Толян Толяныч: – Ты бредишь, старикан! Причём тут цезий? Япония от нас далековато. Так сколько же ты хочешь за него, за пса обычного, ну, скажем, невидимку?
Степан Захарович (гладит Демофобика, который дружелюбно рычит): – Друзей не продаю. Но если только за десять миллионов, то, решусь я… взять на себя великий тяжкий грех и прогневить богов. Как я несчастен!
Толян Толяныч: – За десять миллионов… деревянных, рублей российских? Ты в своём уме?
Степан Захарович: – Я о рублях вам не сказал ни слова, Толян Толяныч, друг мой дорогой. Я говорил про доллары, а вы… возможно, недослышали немного. Нет, просто вы не дали досказать…
Толян Толяныч (поправляя на голове треуголку): – Ты прав, старик. Погода нынче шепчет. Заговорился очень я с тобой. Но ты… нештяк, почти пацан нормальный. Давай, бывай, сажусь я на коня! Ведь дел по горло. Всех не перечесть.
Степан Захарович (поглаживая пса): – Мой бедный друг, мой славный Демофобик! Я вынужден теперь тебя отдать за пять каких-то жалких… мелких миллионов!

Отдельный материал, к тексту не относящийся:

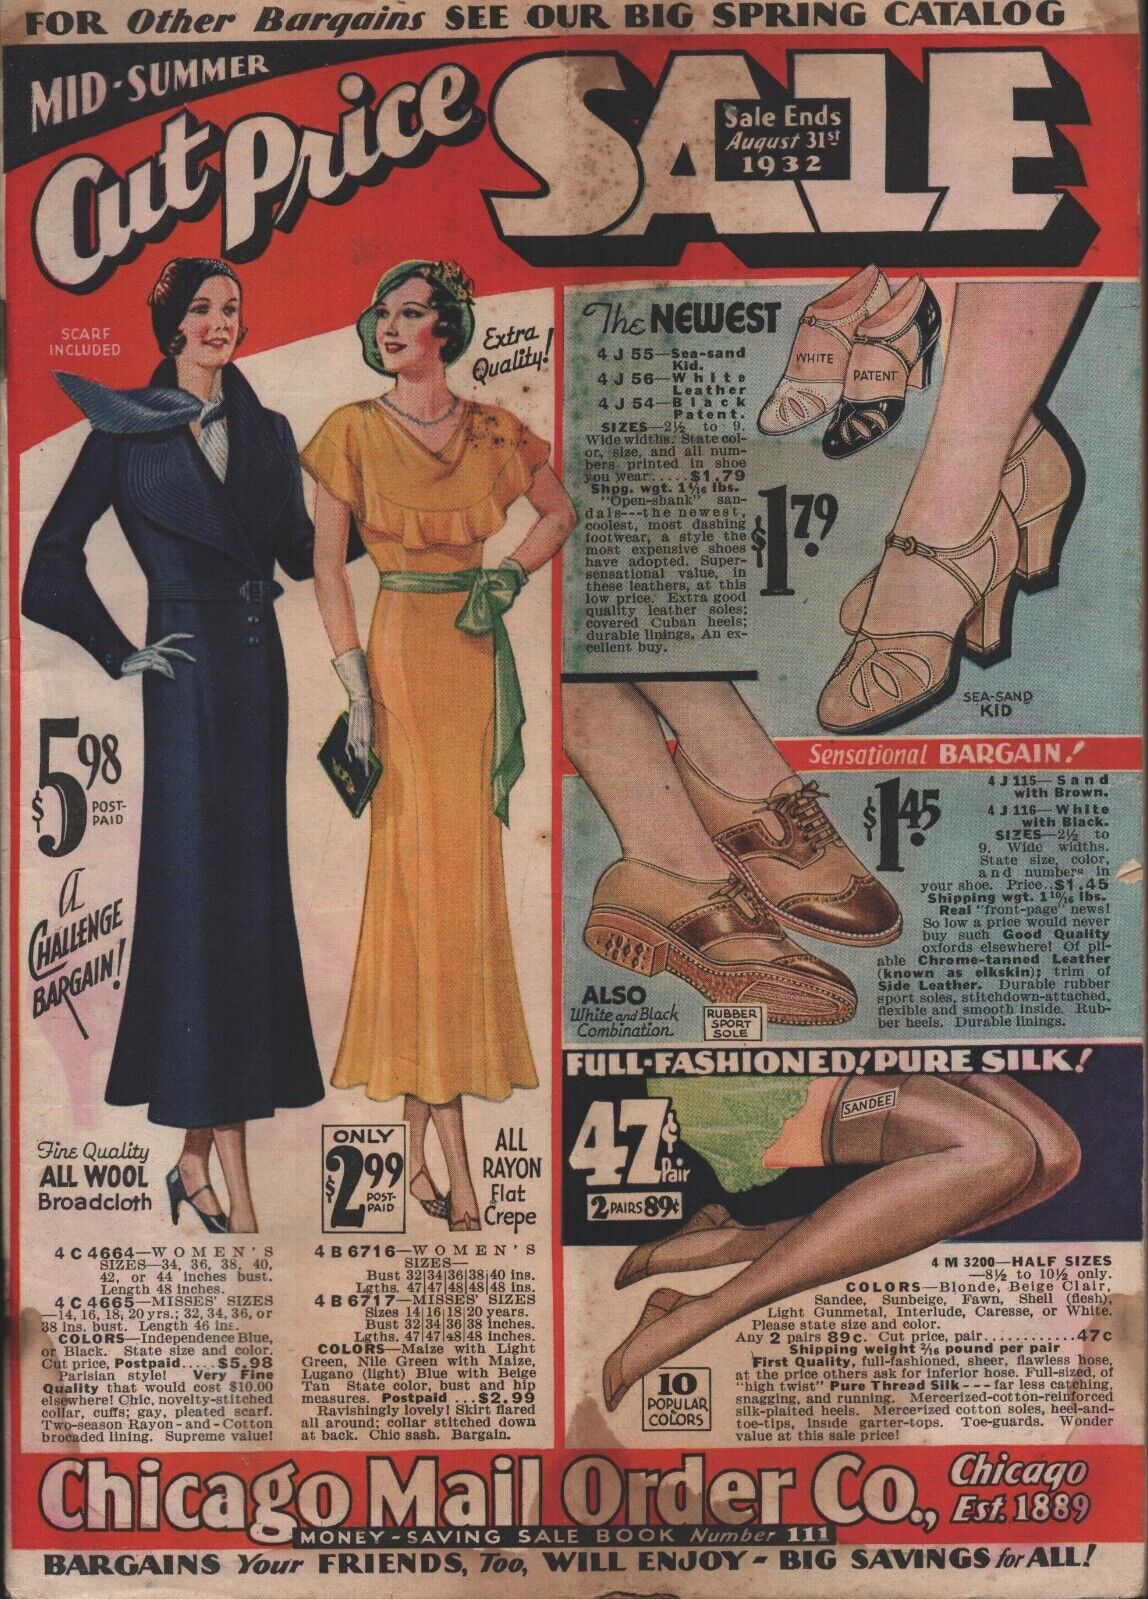 Chicago Mail Order Co. - Mid-Summer Cut Price Sale - 1932 - 114 Pages

Толян Толяныч: – Напрасно пса ты вводишь в заблужденье! Не стоит он никак пяти «лимонов». Я за такие деньги, дорогой, куплю себе собак подобных свору.
Степан Захарович: – Как жестоки вы! Вы самый настоящий узурпатор! Меня вы заставляете продать такое счастье за три миллиона?
Толян Толяныч: – Да чёрт с тобой, за два его возьму! Лишь потому, что он такой… особый.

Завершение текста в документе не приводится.